Amy Coney Barrett: Trump’s Supreme Court nominee has a history of controversy
Donald Trump’s nominee for the Supreme Court seat vacated by liberal stalwart Ruth Bader Ginsburg is regarded as a judge who checks the president’s box of sticking closely to the exact wording of the 231-year-old US Constitution.
Amy Coney Barrett, a 48-year-old conservative judge on the Chicago-based 7th U.S. Circuit Court of Appeals, met privately with the president at the White House on Monday. He emerged from that session and praised her qualifications.
“She’s one of the people that’s very respected, but they’re all respected,” he said of those on his five-woman shortlist. “She is certainly one of the candidates, yes.”
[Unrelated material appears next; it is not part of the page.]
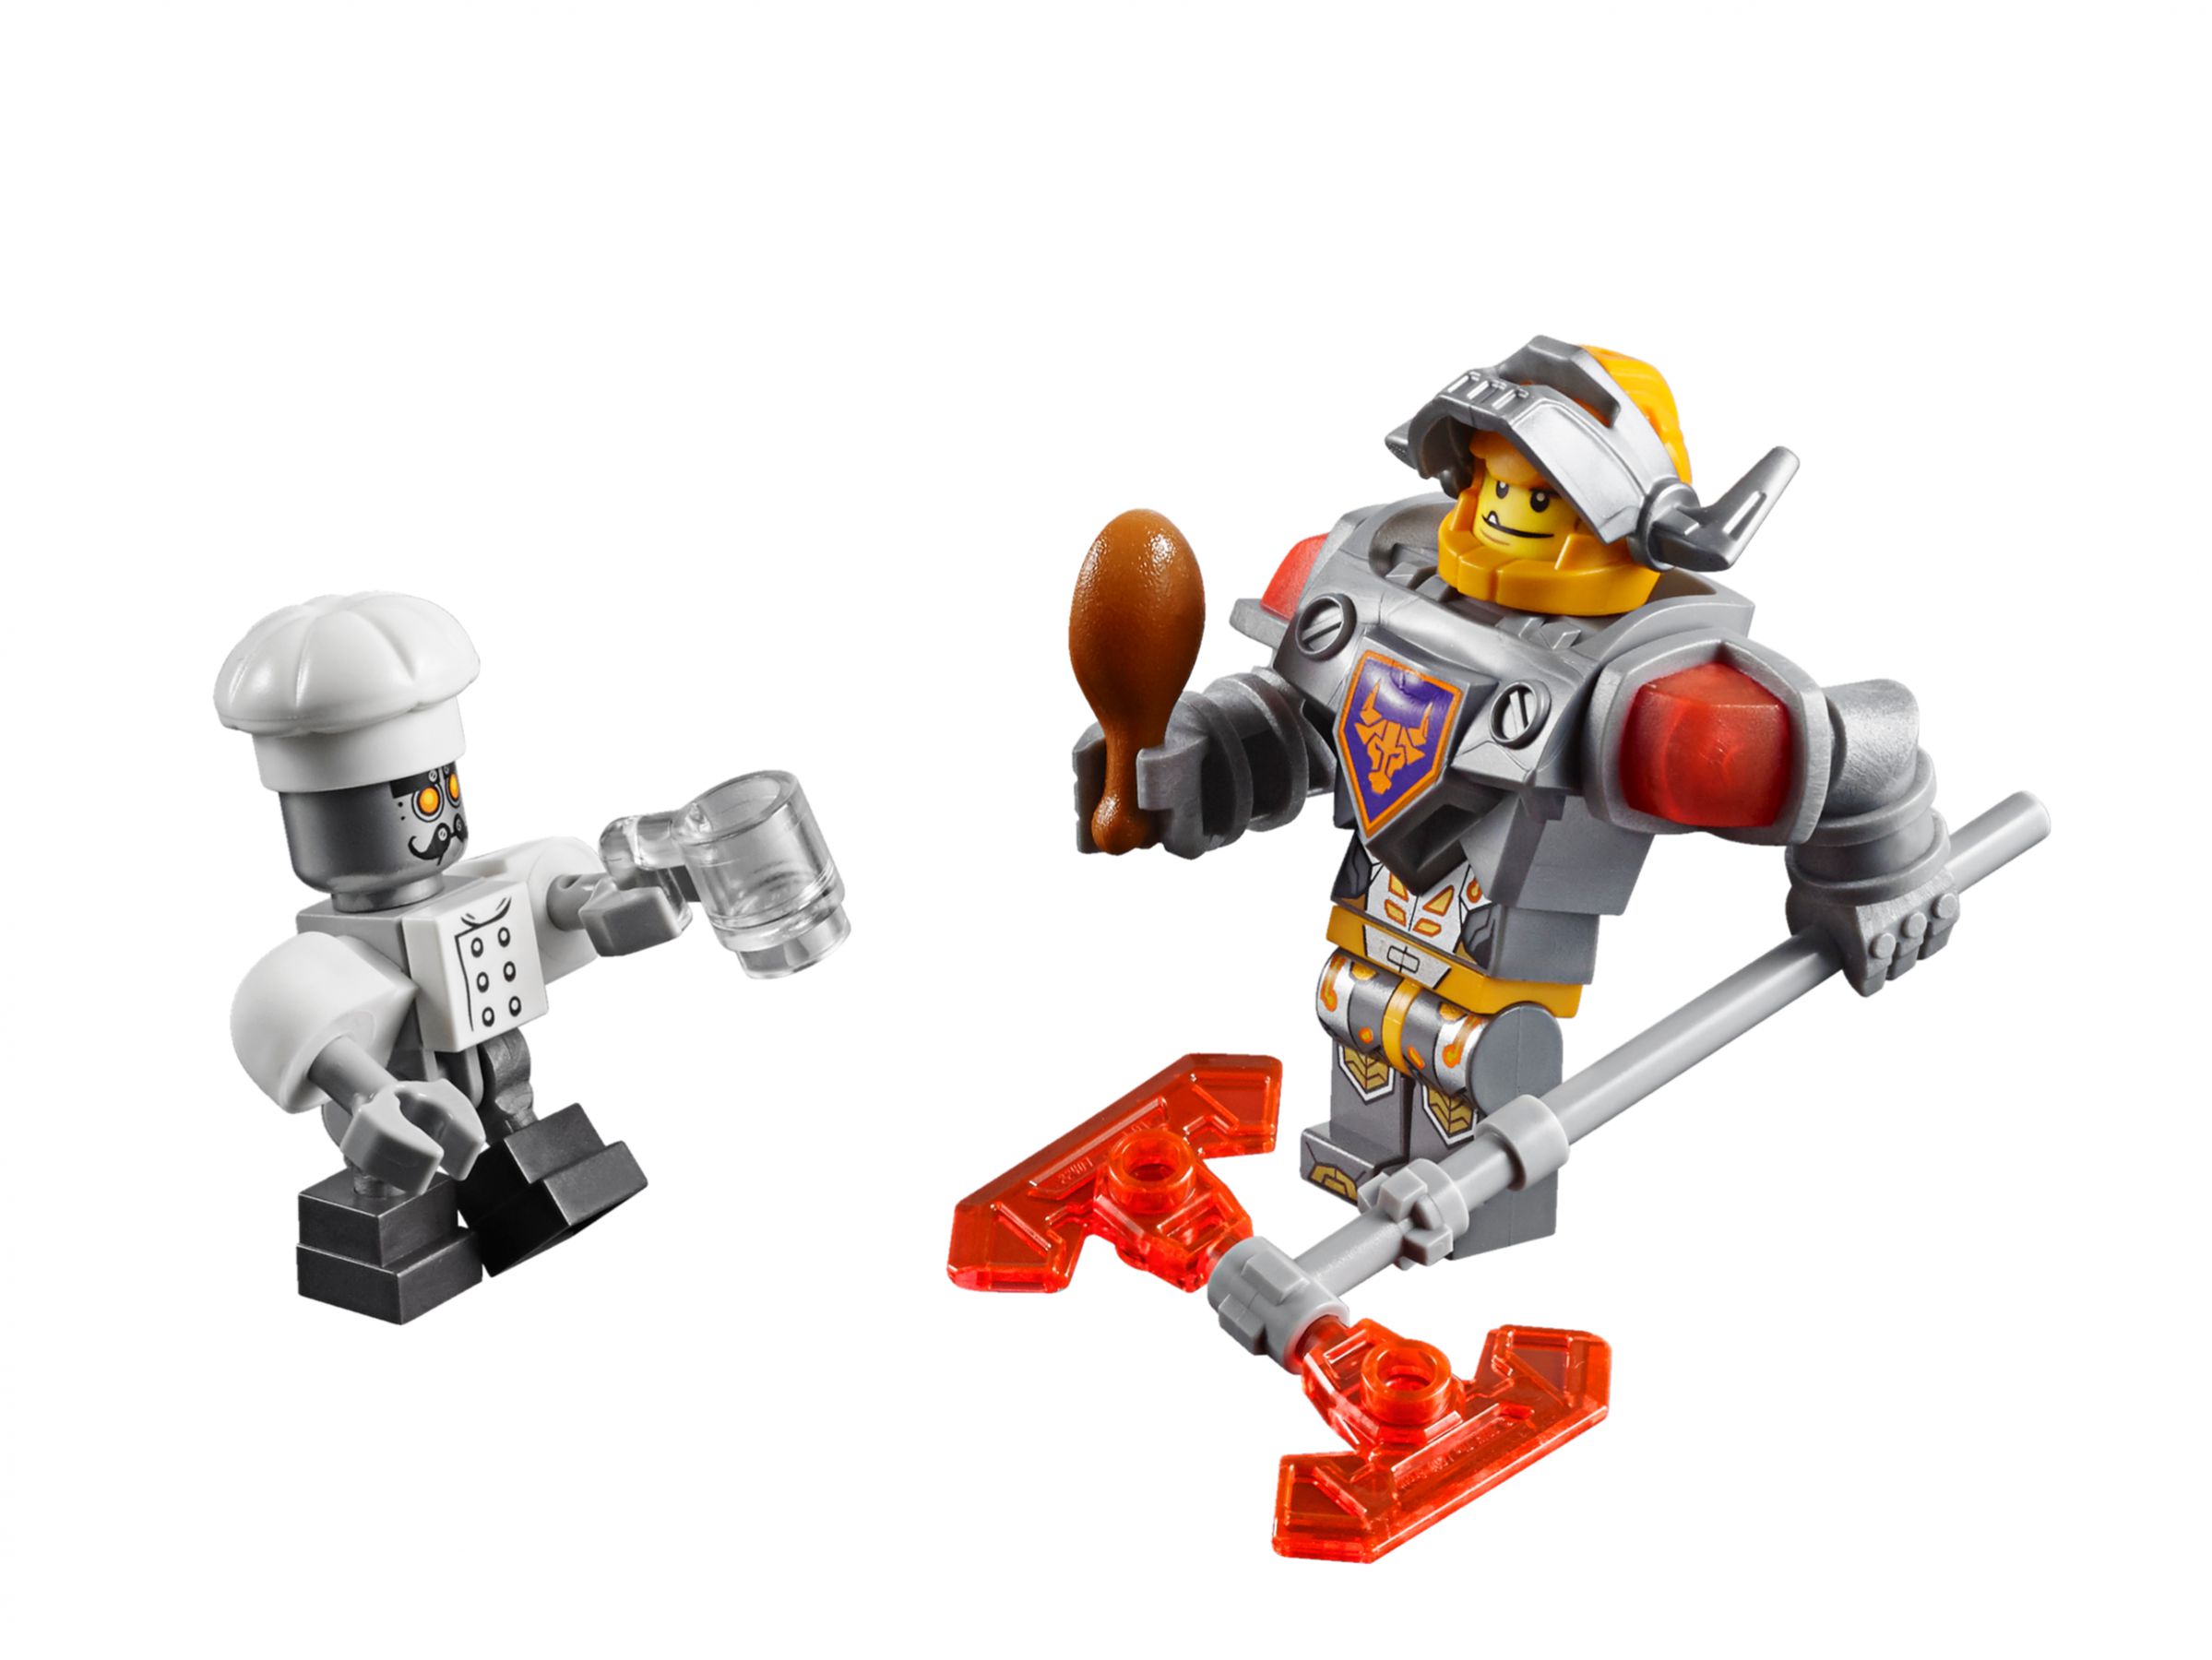 LEGO Nexo Knights 70317 Fortrex – Die rollende Festung LEGO_70317_alt12.jpg
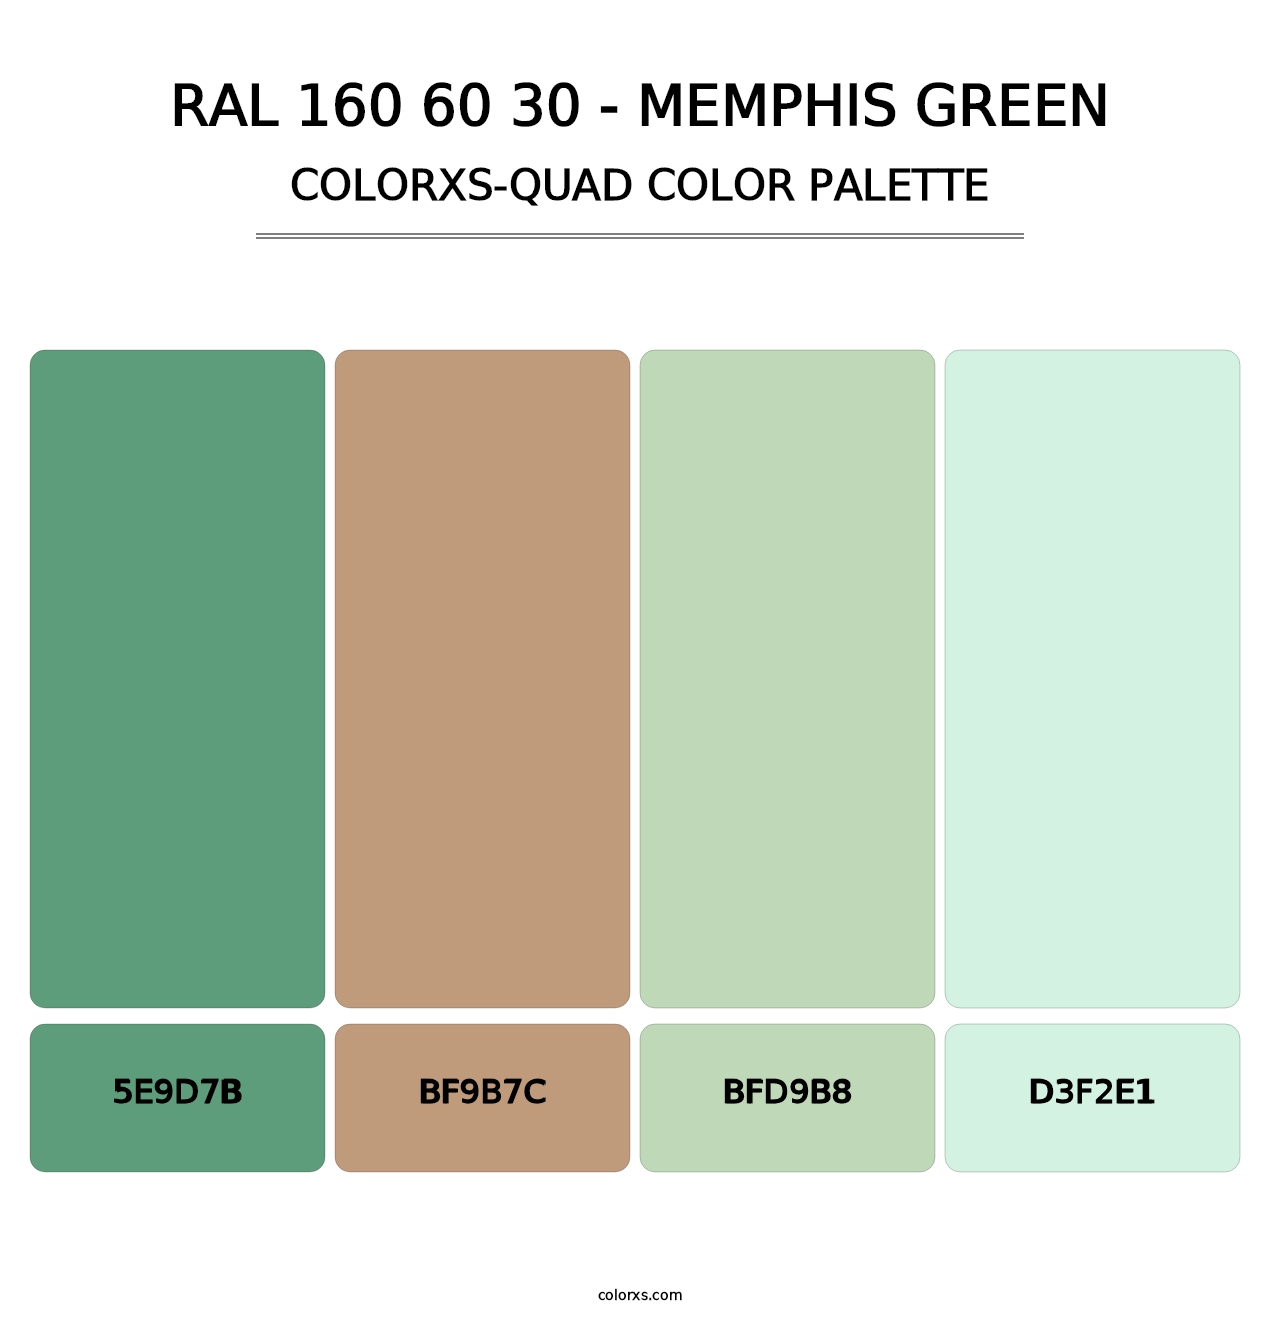 RAL 160 60 30 - Memphis Green - Colorxs Quad Palette

At a campaign rally on Tuesday night in Pennsylvania, the president promised his supporters he would nominate someone who he decides meets the criteria of being among “conservative believers in our country, solid, incredible people.” Over the weekend, he vowed to pick someone who doesn’t believe in making policies from the bench, but on Tuesday said high court justices “set policy.”
On Saturday afternoon Ms Barrett appeared at the White House with Mr Trump, who confirmed that he was choosing her as his third Supreme Court nominee, with Republican senators likely to quickly confirm her this year, possibly before the 3 November election. Her opinions as a federal jurist show she shares Mr Trump’s views on gun rights and his hardline immigration stance. Ms Coney Barrett’s opinions on abortion rights align with the president’s promises to his conservative base. Here is a snapshot of some of her most telling opinions.
Abortion rights
A devout Catholic, Ms Coney Barrett has never ruled in a case directly challenging the high court’s landmark 1973 Roe v. Wade Supreme Court decision to legalize abortion across the country.
Women’s rights and abortion advocates, however, are sounding alarms that her appointment could put that decision at risk of being overturned.
She has never been a part of a decision specifically on abortion rights. But a handful of her decisions, experts say, suggest opposition to other rulings that shot down restrictions on abortion rights.
In a 1998 Marquette Law Review article she co-wrote exploring the effect of the Catholic church’s teachings on federal jurists, Ms Coney Barrett said the church’s views on prohibiting abortion and euthanasia are “absolute” because they “take away innocent life.”
As a judge, she has voted for her court to rehear cases from lower panels on abortion rights.
Second Amendment
Ms Coney Barrett is considered an “originalist” on issues like gun rights, arguing the Constitution’s Second Amendment is clear and should be applied ultra-literally in just about any circumstance.
In the 2019 case Kanter v. Barr, she dissented from the majority’s opinion upholding the government’s right to deny what it deems dangerous people from legally obtaining firearms.
“At the time of the country’s founding, she said, legislatures took away the gun rights of people who were believed to be dangerous,” Amy Howe wrote for SCOTUS Blog. “But the laws at the heart of Kanter’s case are too broad, she argued, because they ban people like Kanter from having a gun without any evidence that they pose a risk. Barrett stressed that the Second Amendment ‘confers an individual right, intimately connected with the natural right of self-defense and not limited to civic participation’.”
Those views align with Mr Trump’s promises to his base, which he repeated on Tuesday night in Moon Township near Pittsburgh.
“If I weren’t president, you know the pressure, your Second Amendment would be obliterated. It would maybe be gone, but at a minimum obliterated,” he said to boos. “They haven't touched your Second Amendment, not even touched it because I'm here to block. I'm a blocking force. I'm like a lineman for the Pittsburgh Steelers.
“I'm a blocking force. No, they haven't touched it, but your Second Amendment would be under siege,” he warned as part of his fear-spawning campaign.
Immigration
Ms Coney Barrett’s views on immigration also put her in the same hardline camp as the president.
In a June dissent, she wrote that she favoured allowing one of his contested policies.
She was out-ruled, 2-1, to end the so-called “public charge” rule in Illinois.
That Trump policy denies legal permanent residency to some migrants who are deemed most likely to require government assistance at some point.